Launch HN: BoardBoss, enhancing physical board games with AR and Computer Vision - yeldarb
https://boardboss.com
======
yeldarb
Excited to share our new app, BoardBoss, which brings the best features from
apps to physical board games.

Our core belief is that games are way more fun to play in real life with your
friends around a table than with your nose in screen. But there are trade-
offs; some features currently are only available via software. Our goal is to
merge the best of the digital and physical worlds.

The first game we enhance is Boggle (where you try to find words in a letter
grid). The challenge with playing Boggle in real-life is that if there's a
good word that nobody finds you'll never know. You're only improving your
skill as quickly as the best player around the table. With BoardBoss, you scan
the board at the end of the game and it shows you the words everyone missed.
This is a feature common in Boggle apps that wasn't feasible when playing in
real-life.

Our plans are to expand to other games soon.

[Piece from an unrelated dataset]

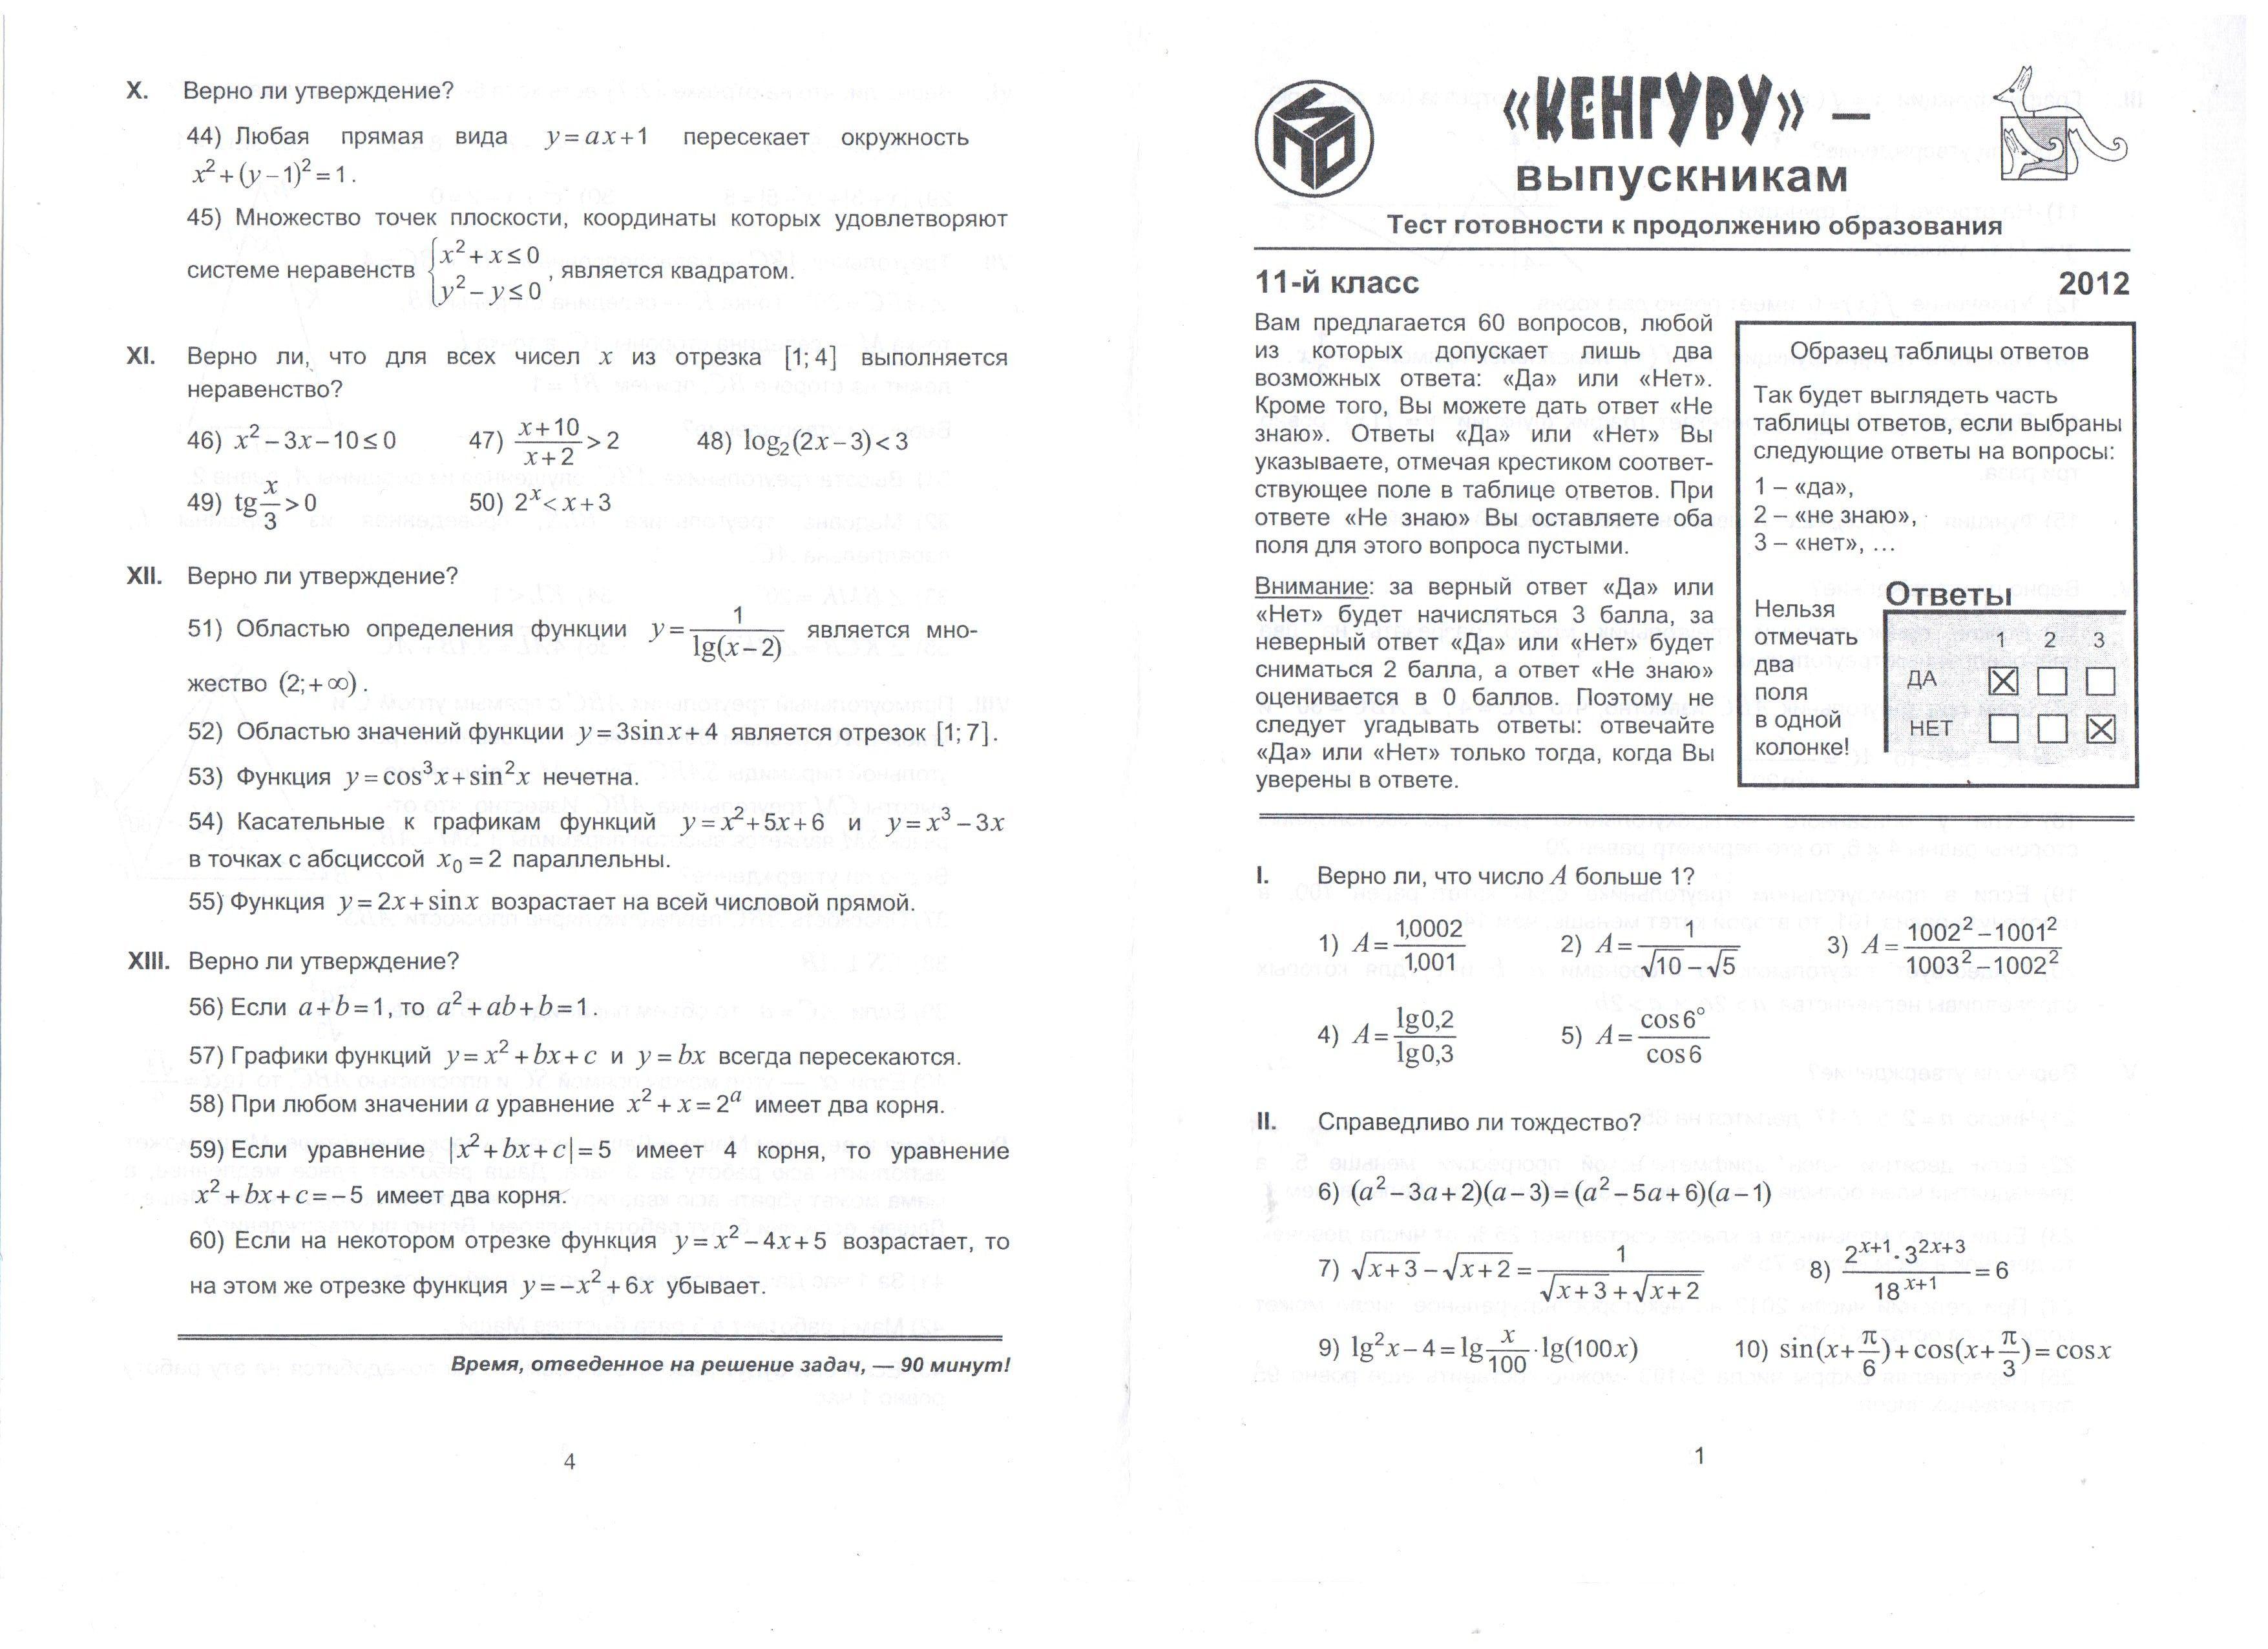 Гдз 6 класс по украинский язык учебник горошкина никитина попова моя домашка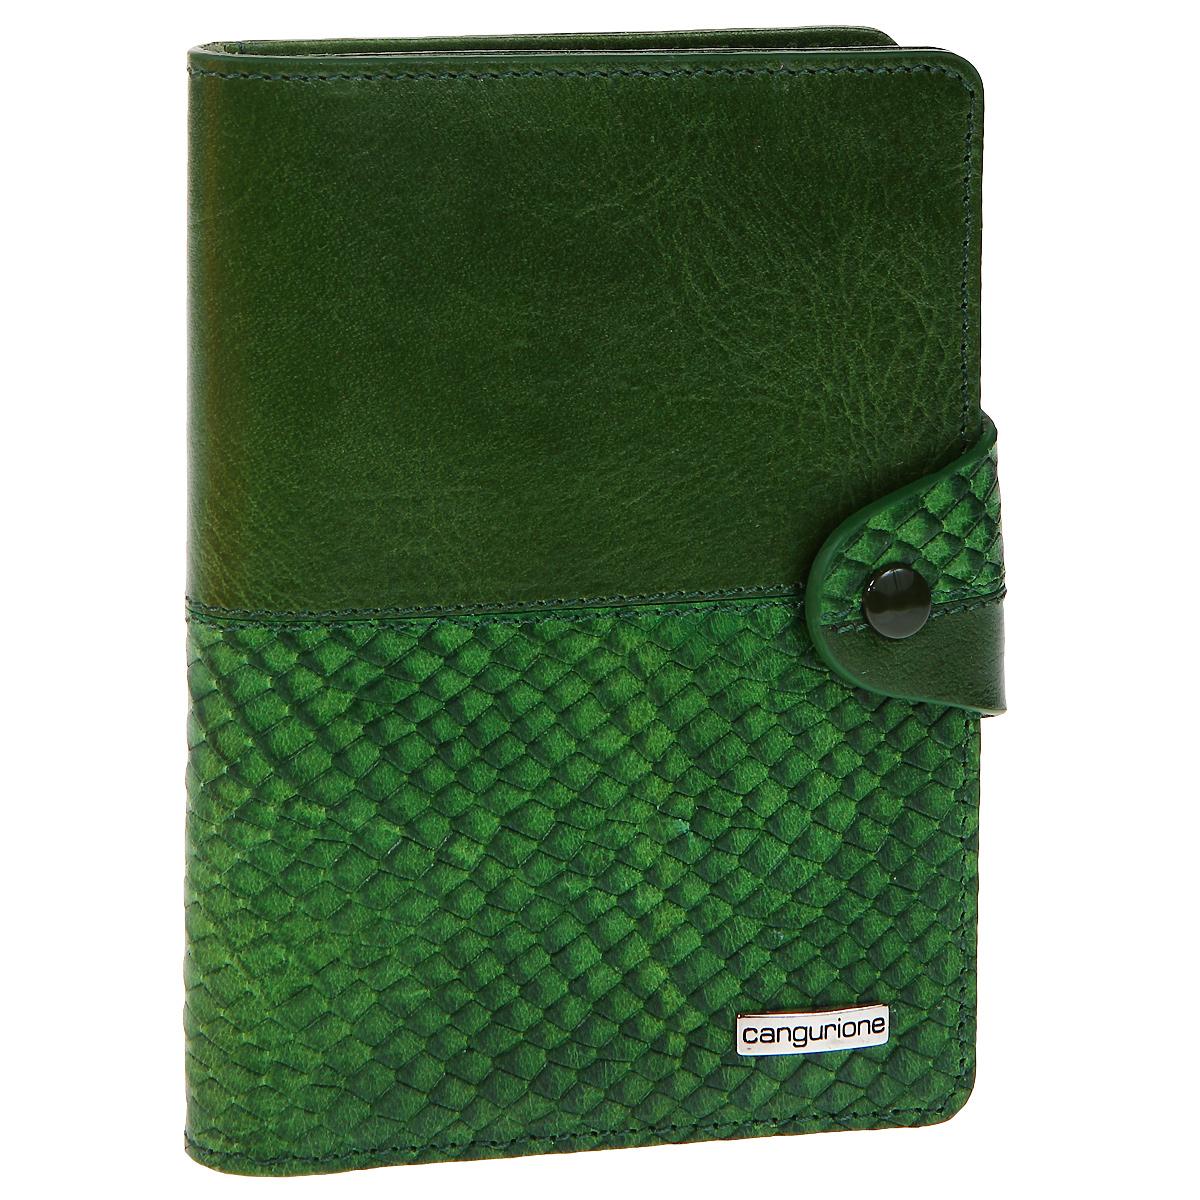 Обложка для автодокументов Cangurione, цвет: зеленый. 3341-009 DP-ANC3341-009 DP-ANC/GreenОбложка для автодокументов Cangurione выполнена из натуральной кожи зеленого цвета с декоративным тиснением под крокодила. На внутреннем развороте - 4 кармашка для пластиковых и кредитных карт, потайное отделение, окошко для фотографии и два кармашка для документов. Обложка закрывается при помощи хлястика на кнопку. Обложка не только поможет сохранить внешний вид ваших документов и защитит их от повреждений, но и станет стильным аксессуаром, который подчеркнет ваш неповторимый стиль. Обложка упакована в коробку из плотного картона с логотипом фирмы. Характеристики:Материал: натуральная кожа, металл. Цвет: зеленый. Размер обложки: 10 см х 13,5 см х 1,5 см. Размер упаковки: 11,5 см х 15,5 см х 2 см. Артикул: 3341-009 DP-ANC/Green.

Last week we built the prototype
for adding Chess[1] to the app and we previously launched a proof of concept
that solved Sudoku puzzles[2].

Curious what other board games you play and whether you have ideas for how
they could be enhanced with software features.

[1]
[https://news.ycombinator.com/item?id=21162466](https://news.ycombinator.com/item?id=21162466)

[2]
[https://twitter.com/braddwyer/status/910030265006923776](https://twitter.com/braddwyer/status/910030265006923776)